God fulfilled that promise several thousand years later when the Son of God was born of woman. He wasn’t born of Eve, but from a daughter of Eve – Mary. Thirty years after His birth, the Son of God and the Son of Man was sent into the desert to do battle against Satan. There, Jesus listened to the hissing lies of the Ancient Serpent. But, unlike the first Adam, the second Adam did not fall for the devil’s treachery. Adam plunged the whole world into His sin. The second Adam was giving His righteousness to cover the whole world’s sin.
Three years later, the Ancient Serpent whispered into the ears of those who would listen and fall for his lies. Judas, Caiaphas, Pontius Pilate, and the crowd on Good Friday, all fell for Satan’s lies and crucified the Son of God. Satan rejoiced when he sunk his fangs deep into Jesus’ heel. He thought he had won and beaten God’s curse.
But, three days later, the Seed of the Woman walked out of the grave and stepped down hard, crushing the Serpent’s head. Jesus defeated death. He conquered sin. And He crushed the devil.
Jesus is the Angel that St. John saw in Revelation 20 coming down out of heaven. He seized the dragon, that ancient serpent, who is the devil and bound him with a great chain. He threw him into the Abyss of hell, where he belongs.
Jesus is the Stronger Man in His own parable in Mark 3. Satan, the strong man, has bound us to our sin. We have no free will. On our own, we are slaves to sin, slaves to self, slaves to Satan. Jesus teaches in His parable, “no one can enter a strong man’s house to steal his possessions unless he ties up the strong man first. Then he can plunder his house” (Mark 3:27). Jesus is that Stronger Man who has entered Satan’s house with stealth. He does not appear as God Almighty, heaving His chest, swinging His arms, casting the bright beams of His glory to the far corners of the globe! He does not approach in glory but secretly, humbly, drawing little attention to Himself as He approaches. He bears our human nature and draws near as one of us – though without sin, unbound, free as humanity was created to be. He is fully human and hidden in, with, and under flesh and blood, bone and sinew, He is also fully God.

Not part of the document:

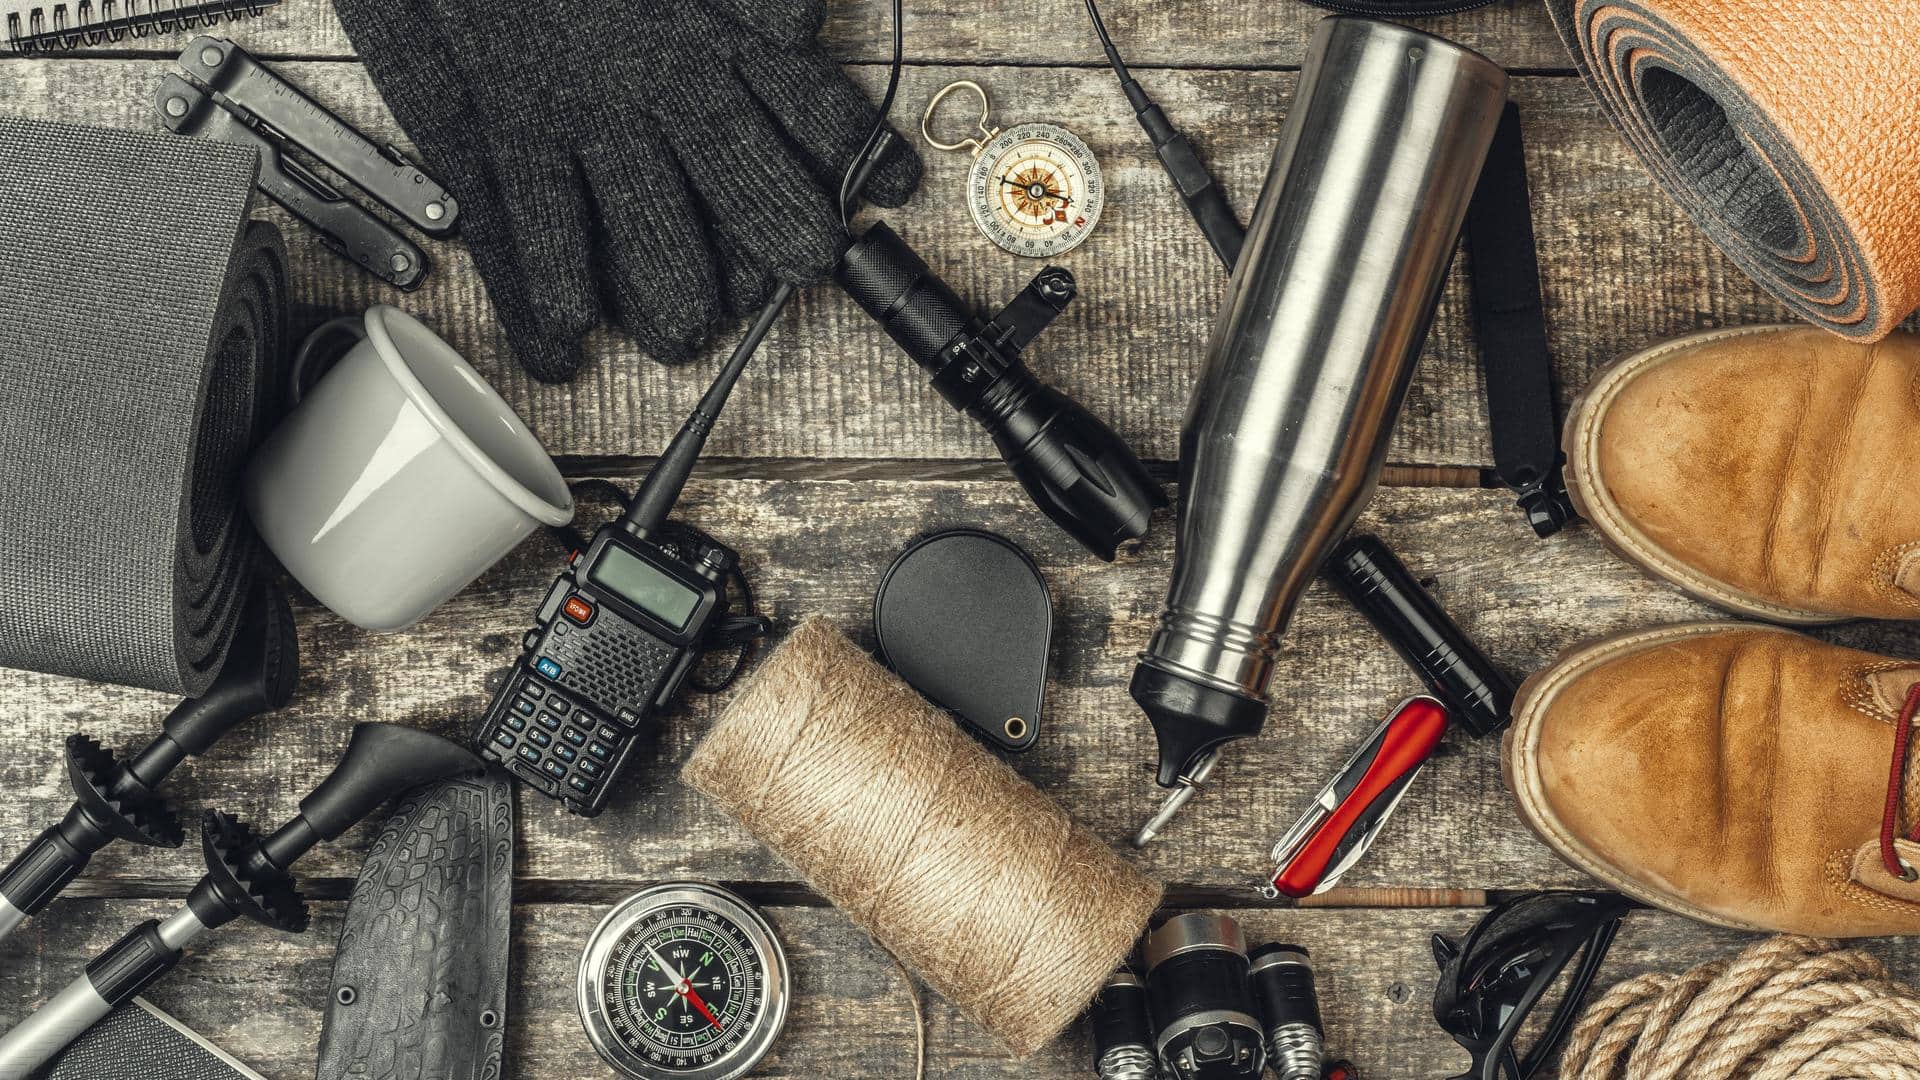 Key things to pack for a high-altitude trek
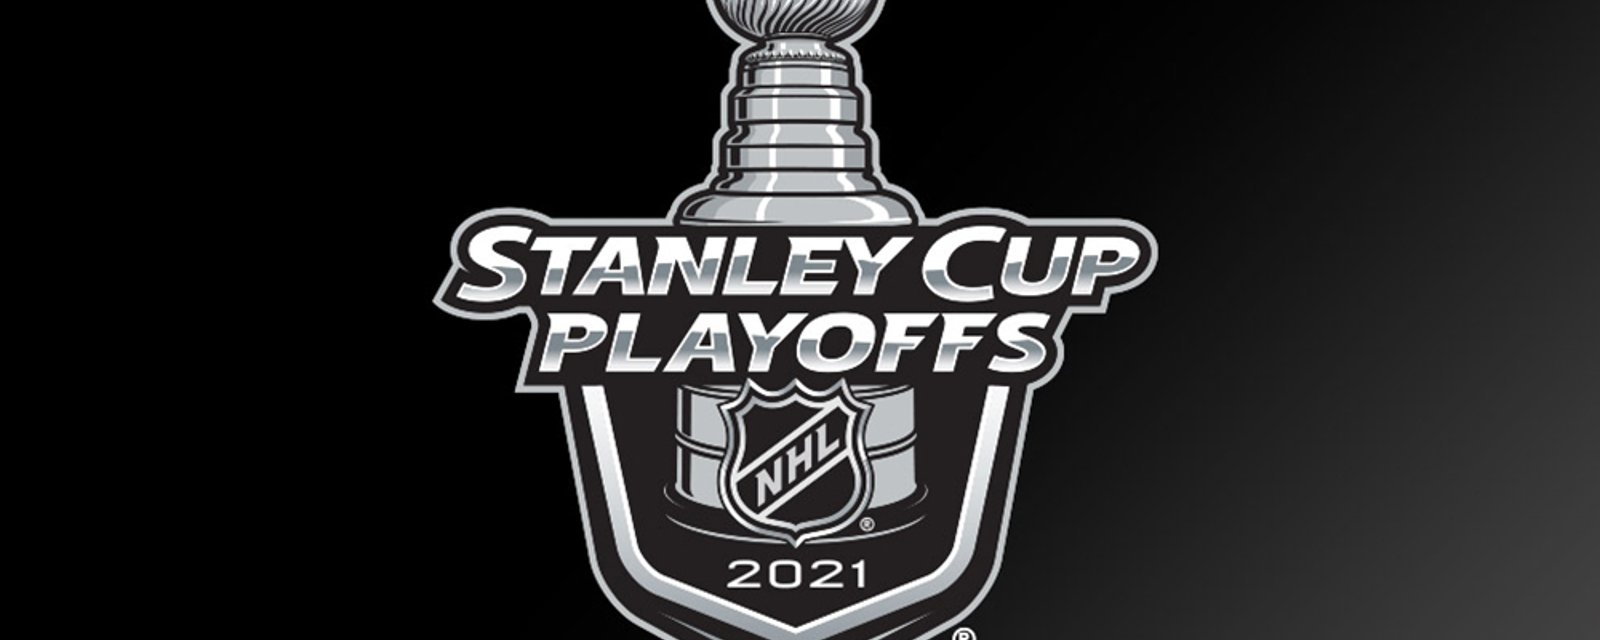 NHL releases schedule for 2021 Stanley Cup Playoffs

Through His suffering, death and resurrection, the God-Man, Jesus Christ, the Seed of the Woman, crushes the serpent’s head. The Angel of the Lord hurls the great dragon into the Abyss. The Stronger Man binds the strong man of Satan. Hell’s dominion is plundered. We no longer have any reason to hide from God (as if we could). We are set free. We, who had been the possessions of Satan, are now covered in the blood of Jesus. The strong man is himself crushed, defeated by the very tools that once defeated us. For though he once overcame humanity by a tree in the garden, this same tempter is himself overcome by a tree – the tree of the cross!
As I visited our shut-in members this week, I told them the story of the elderly woman who thought she wasn’t a sinner because she was in the nursing home. Then, I asked each of them the same question I once asked her: “If this is your confession, then answer yes.” Not a single one of them said, “No.” They, like us, admit to their sin. We are living under Adam’s curse.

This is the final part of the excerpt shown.